We need to be careful not to view these well paired readings as just some historical record of the growth of the church.  These readings can be viewed as a warning call. Each of us need to be ever-vigilant about our belief; we are not immune from doubt. St. Peter in His first letter tells us ‘Be sober and vigilant. Your opponent the devil is prowling around like a roaring lion looking for [someone] to devour.[4] He is looking to plant doubts in our minds and hearts which will numb us to the words of Christ.

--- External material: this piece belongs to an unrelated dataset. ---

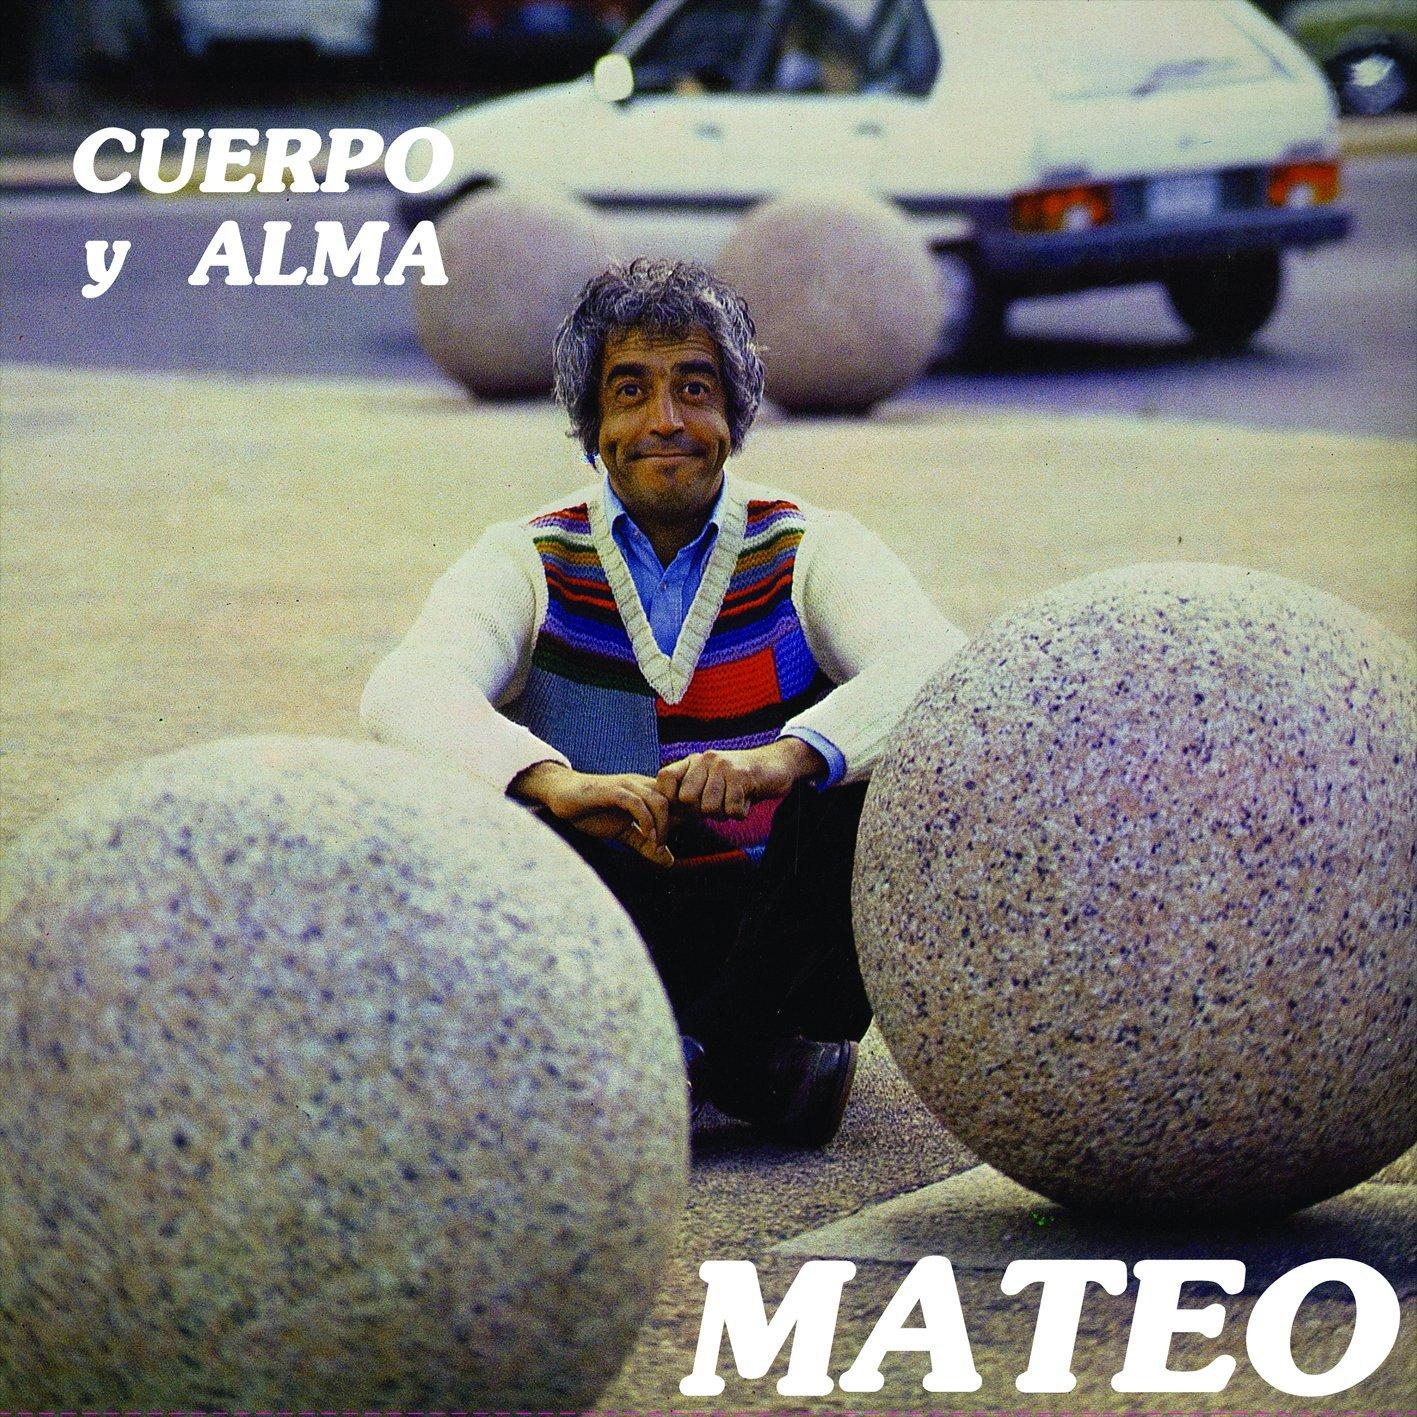 Cuerpo y Alma / Eduardo Mateoのジャケット
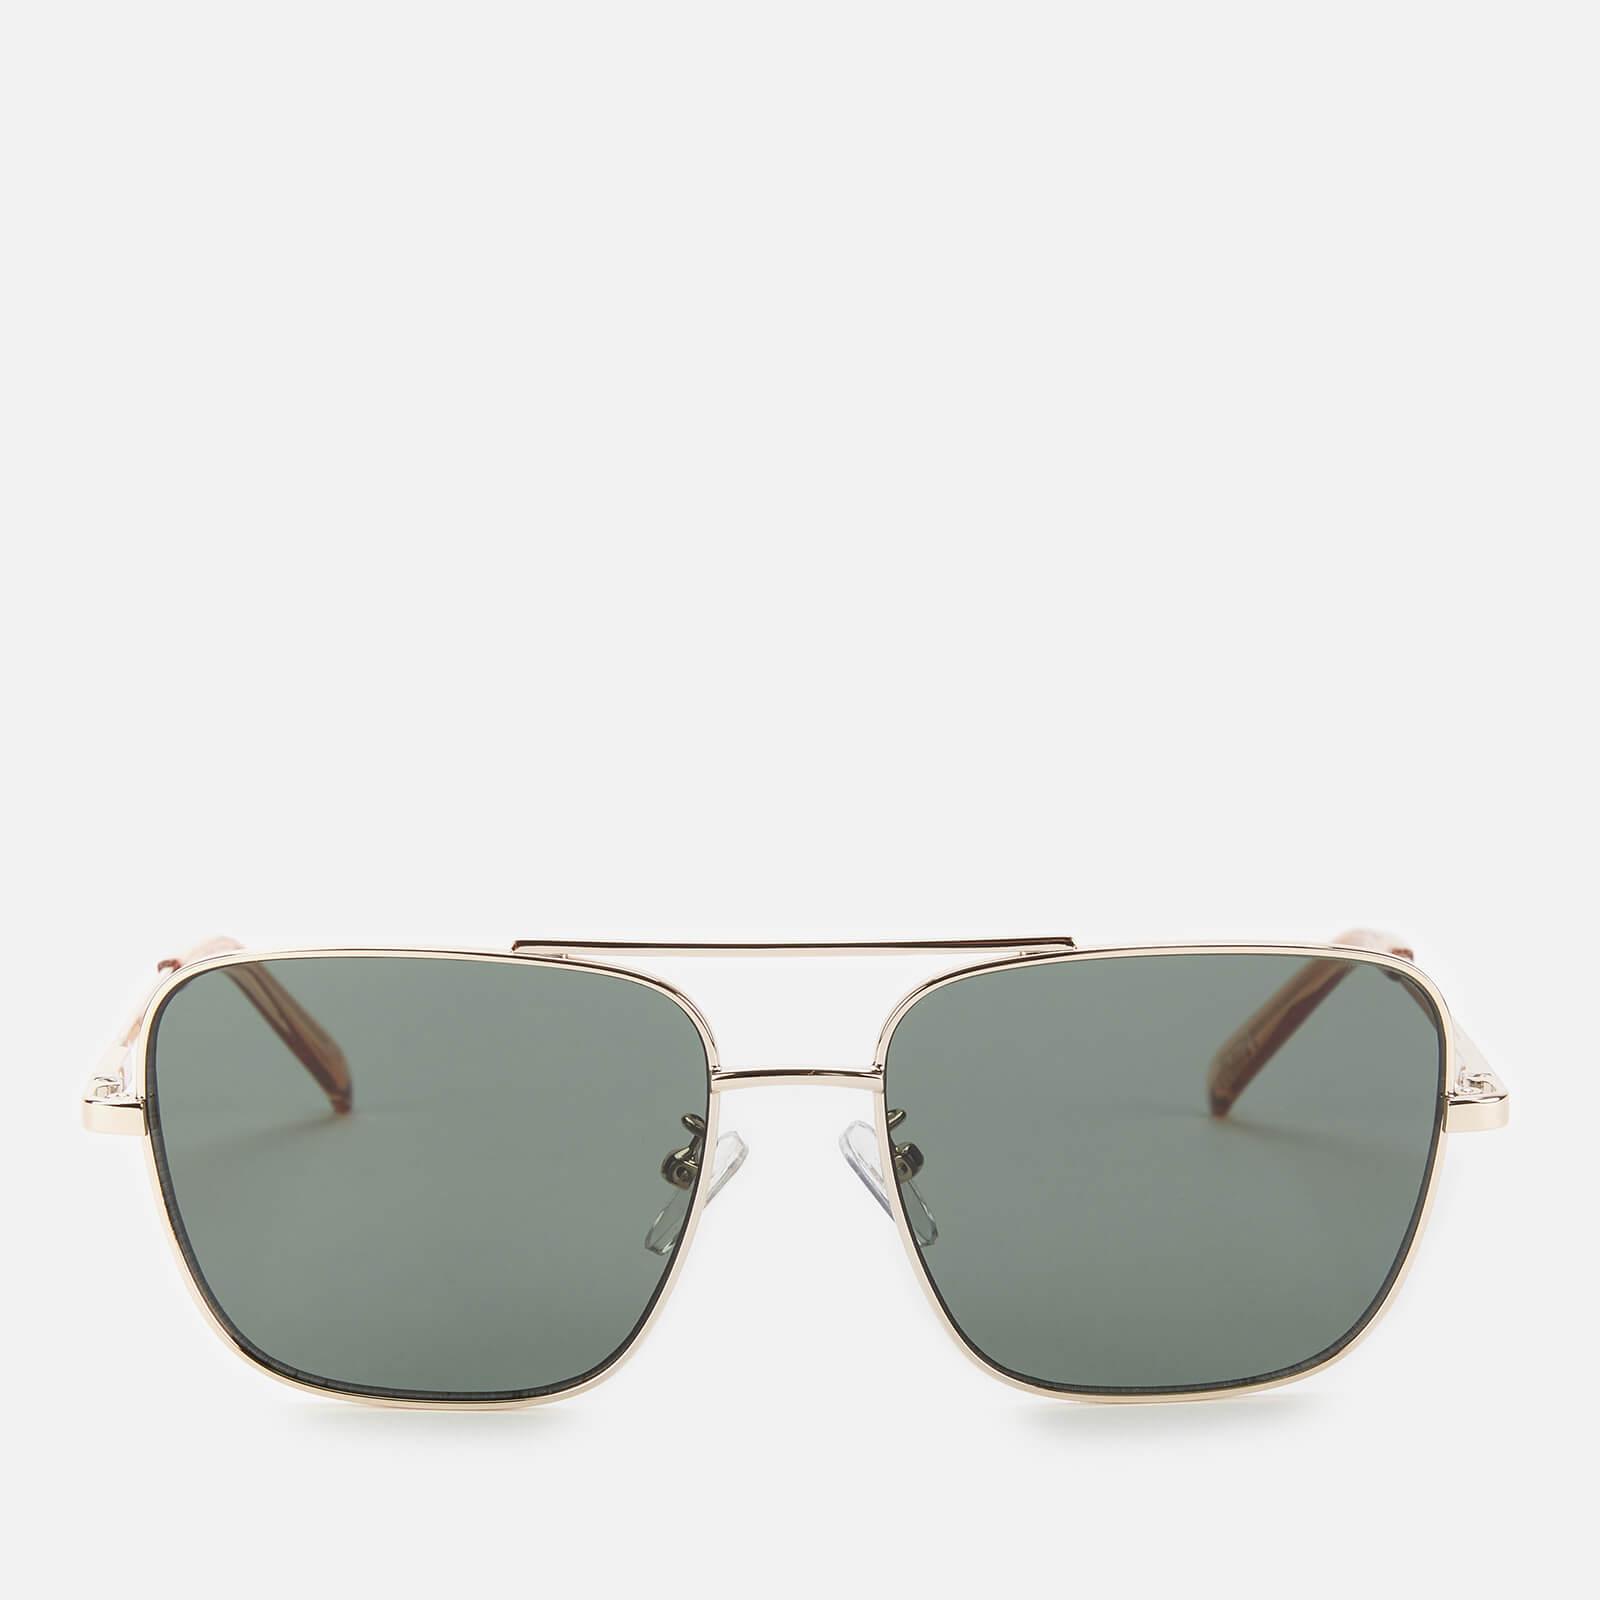 Le Specs Women's Hercules Square Sunglasses - Gold/Stone

In the next few days how will each of us absorb these readings – will we allow the Holy Spirit to open our minds and hearts to embrace Jesus explanation of His Holy Gift of Himself; or will be entertained?  Will we hear His word and grow in love and adoration of the Eucharistic meal?  Will we allow the blood of Christ to nourish us and bear fruit? Indeed, will our hearts be opened always and everywhere to our Lord Jesus Christ?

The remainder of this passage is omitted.